COLLECTED DATA:
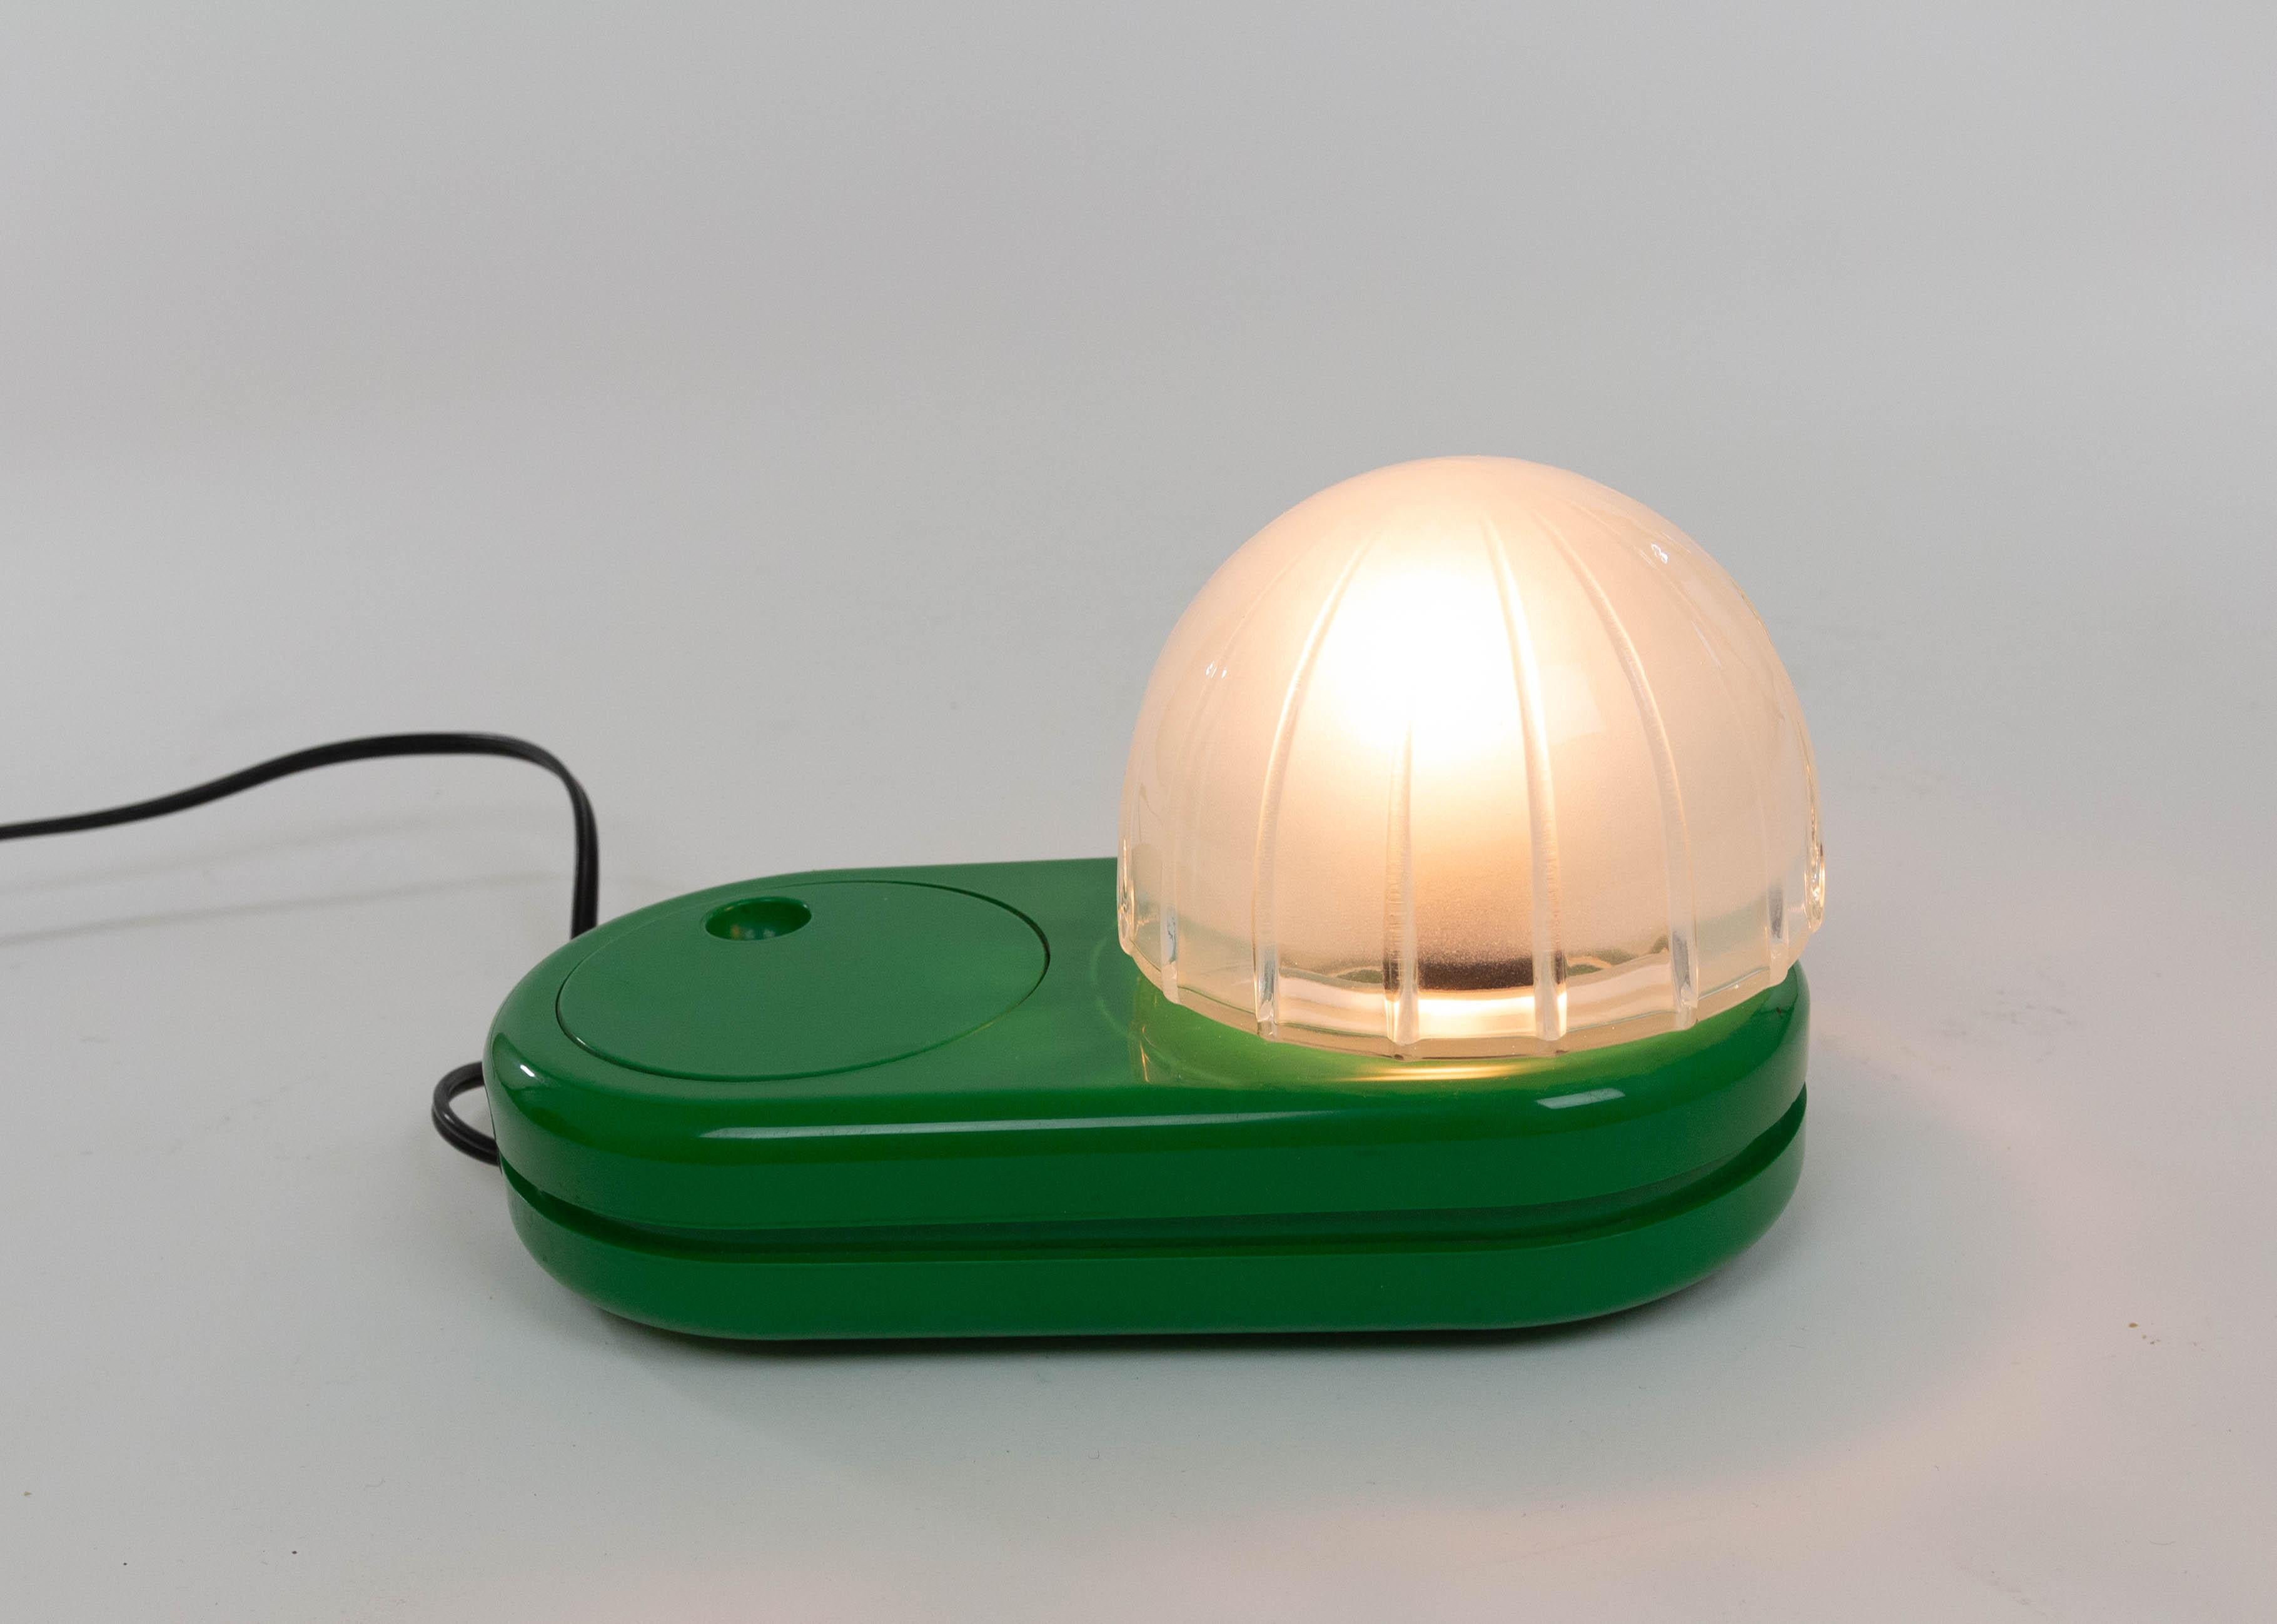 Lampe de table Farstar verte conçue par Adalberto Dal Lago (1973) et fabriquée par Francesconi.

L'abat-jour en verre en forme de dôme repose sur une base en plastique. Le grand variateur de lumière rond, qui fait également office d'interrupteur,
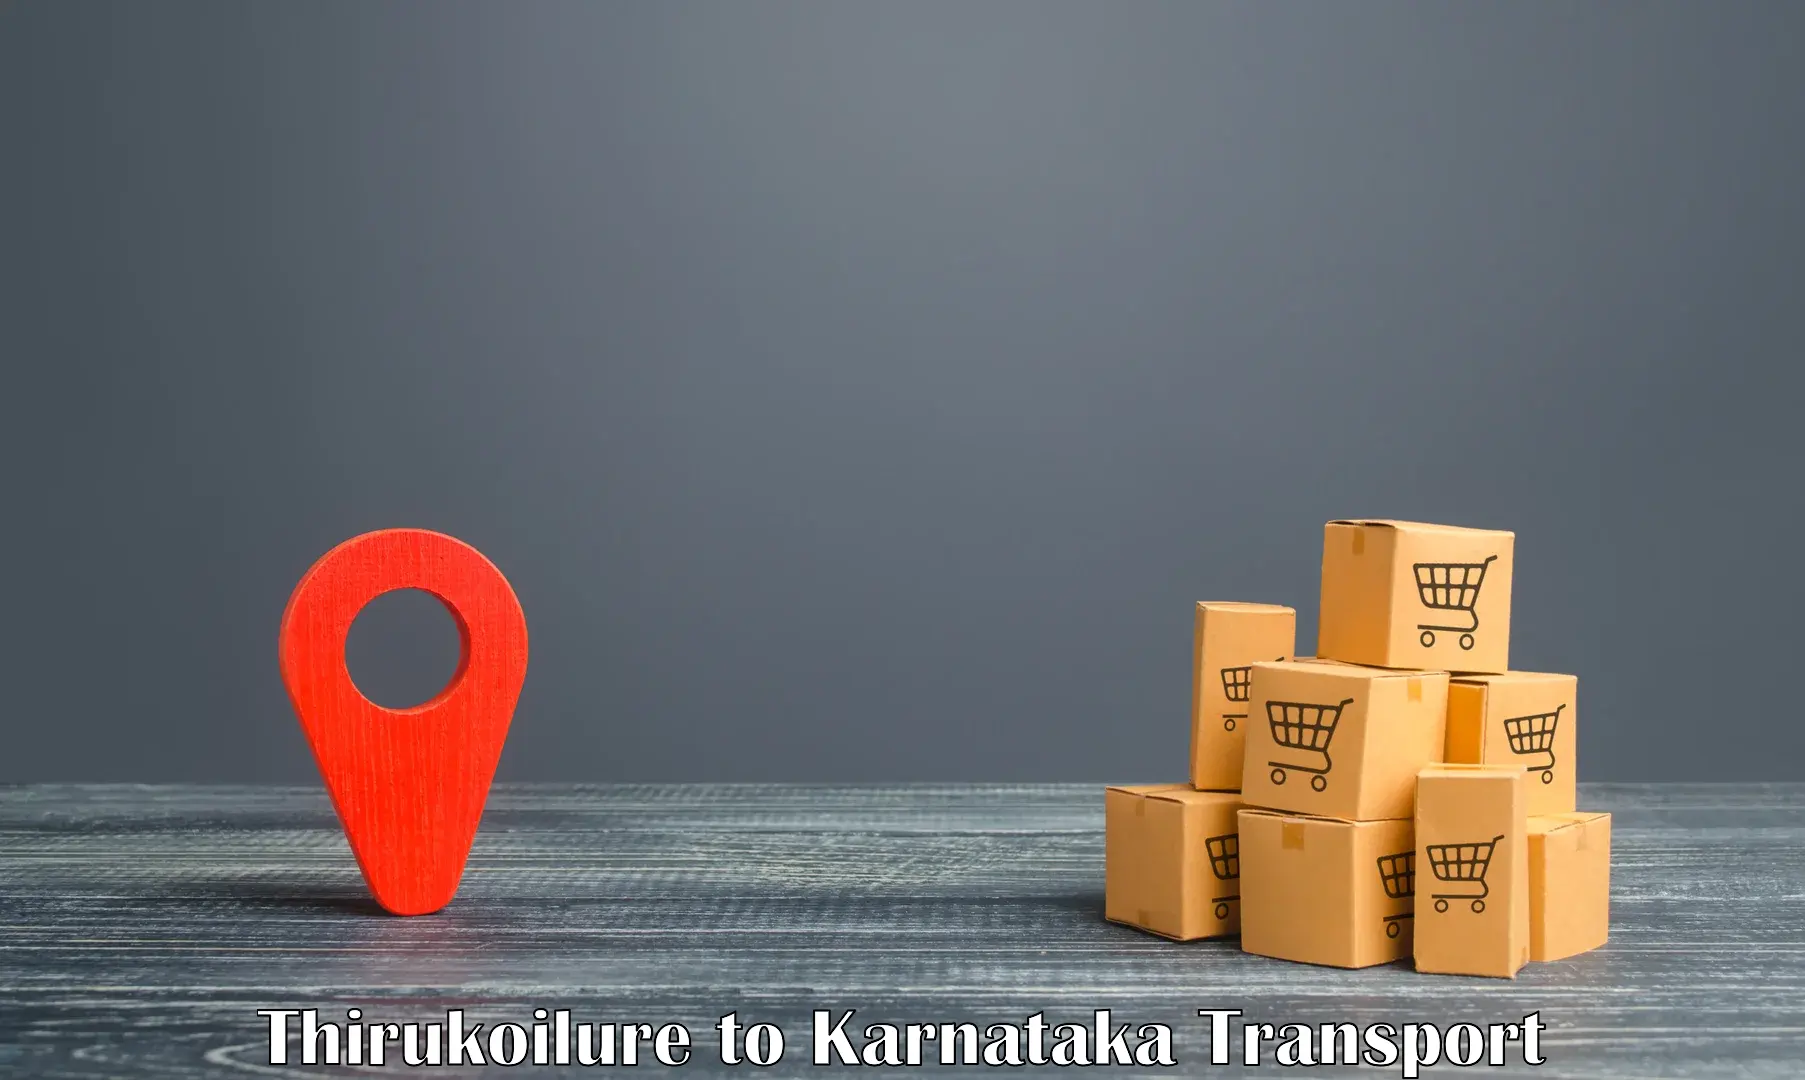 All India transport service Thirukoilure to Chikkanayakanahalli
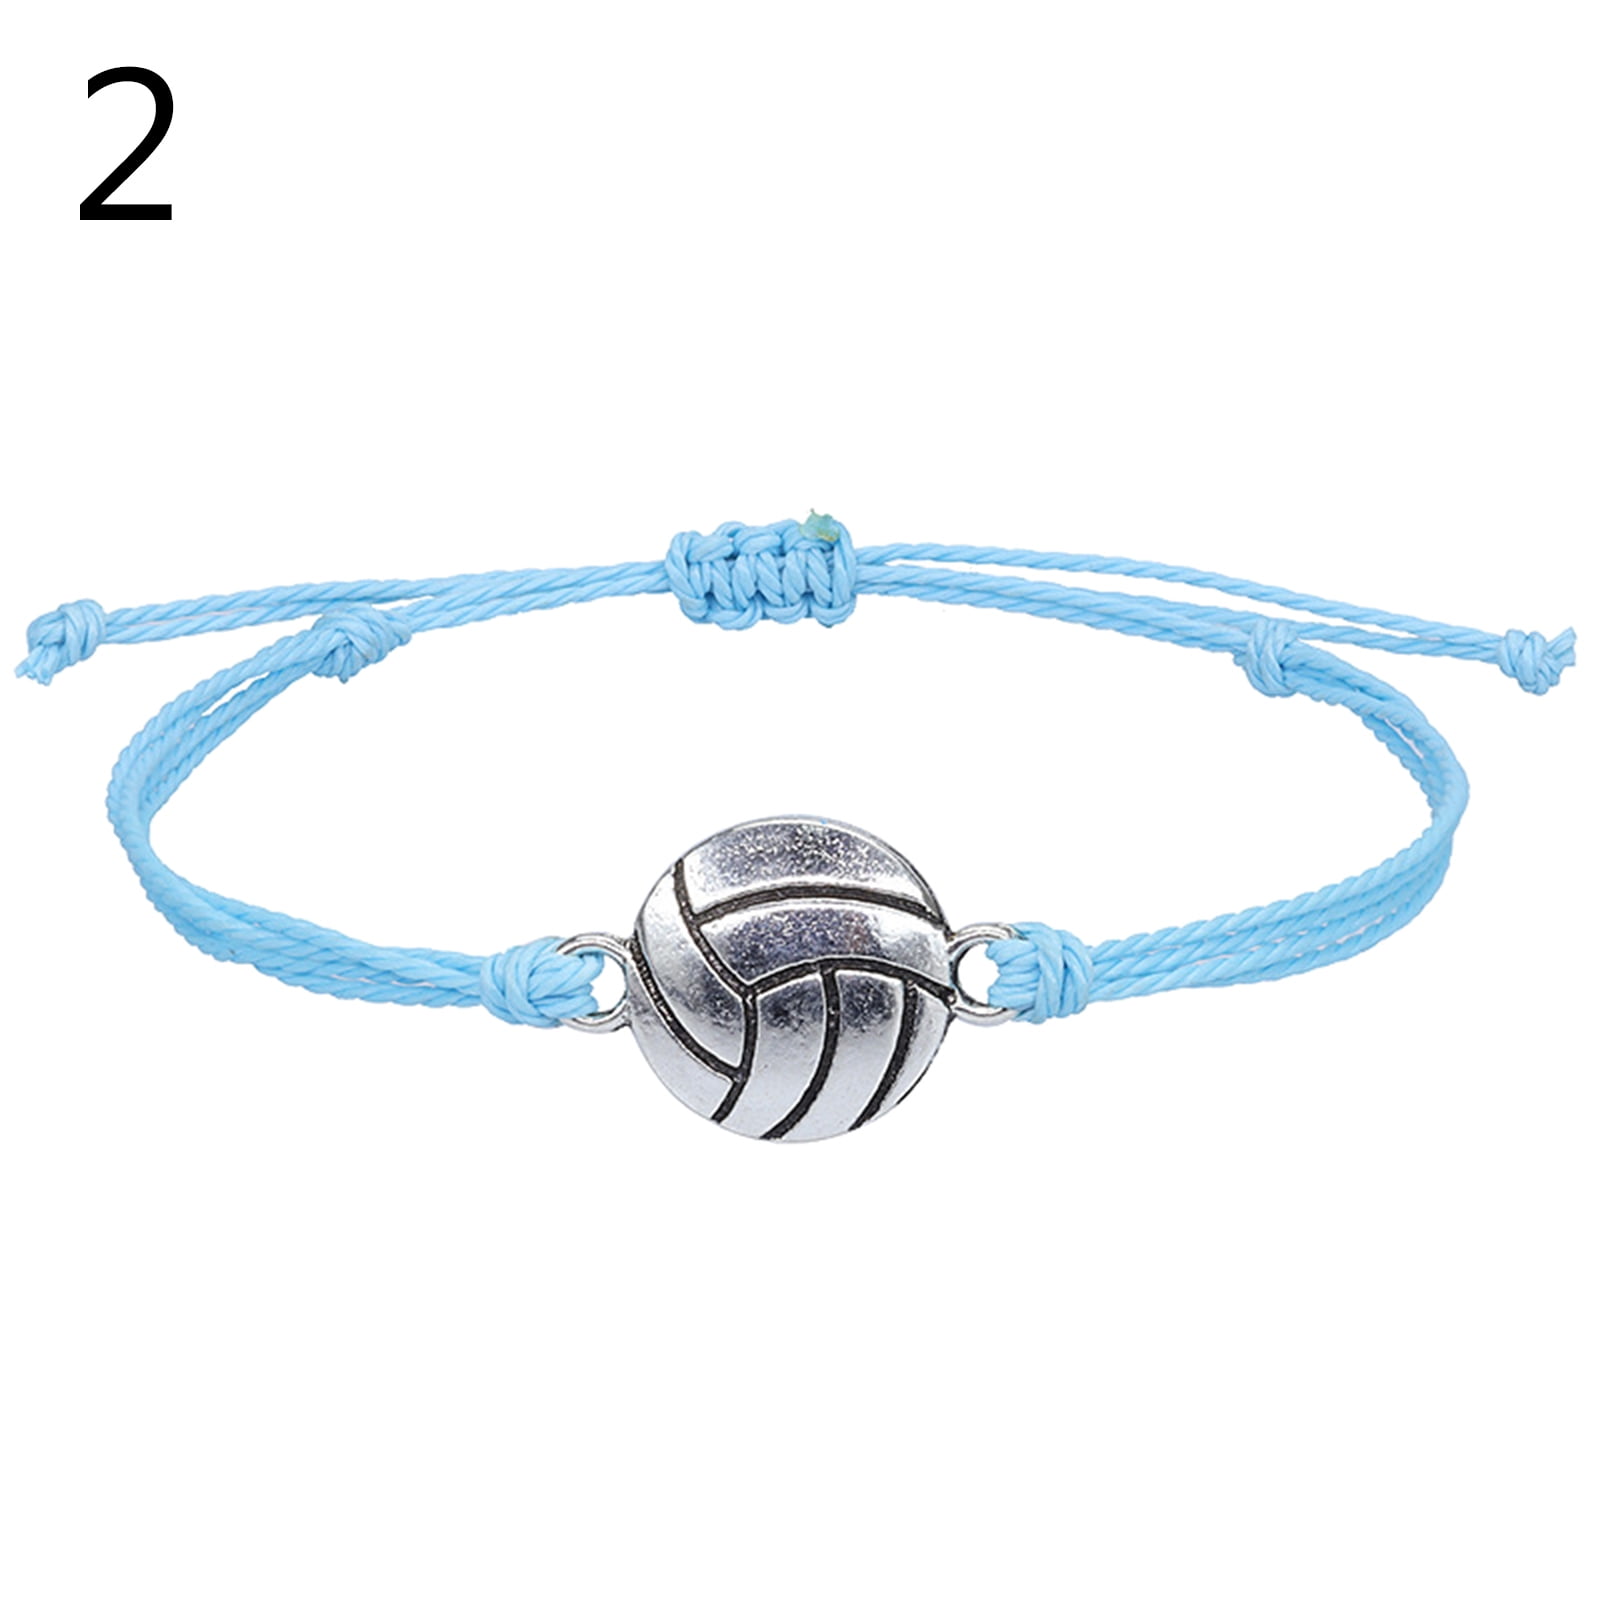 Bracelet de volley-ball ajustable, breloque en alliage, pour garçon et  fille, cadeau pour adolescent, ficelle tissée à la main, Olive, sport

WORK REQUIRED: Write out the data above precisely. Pictures stay out.

ANSWER SECTION:
 Lampe de table Farstar verte conçue par Adalberto Dal Lago (1973) et fabriquée par Francesconi.

L'abat-jour en verre en forme de dôme repose sur une base en plastique. Le grand variateur de lumière rond, qui fait également office d'interrupteur,
 All India transport service Thirukoilure to Chikkanayakanahalli
 Bracelet de volley-ball ajustable, breloque en alliage, pour garçon et  fille, cadeau pour adolescent, ficelle tissée à la main, Olive, sport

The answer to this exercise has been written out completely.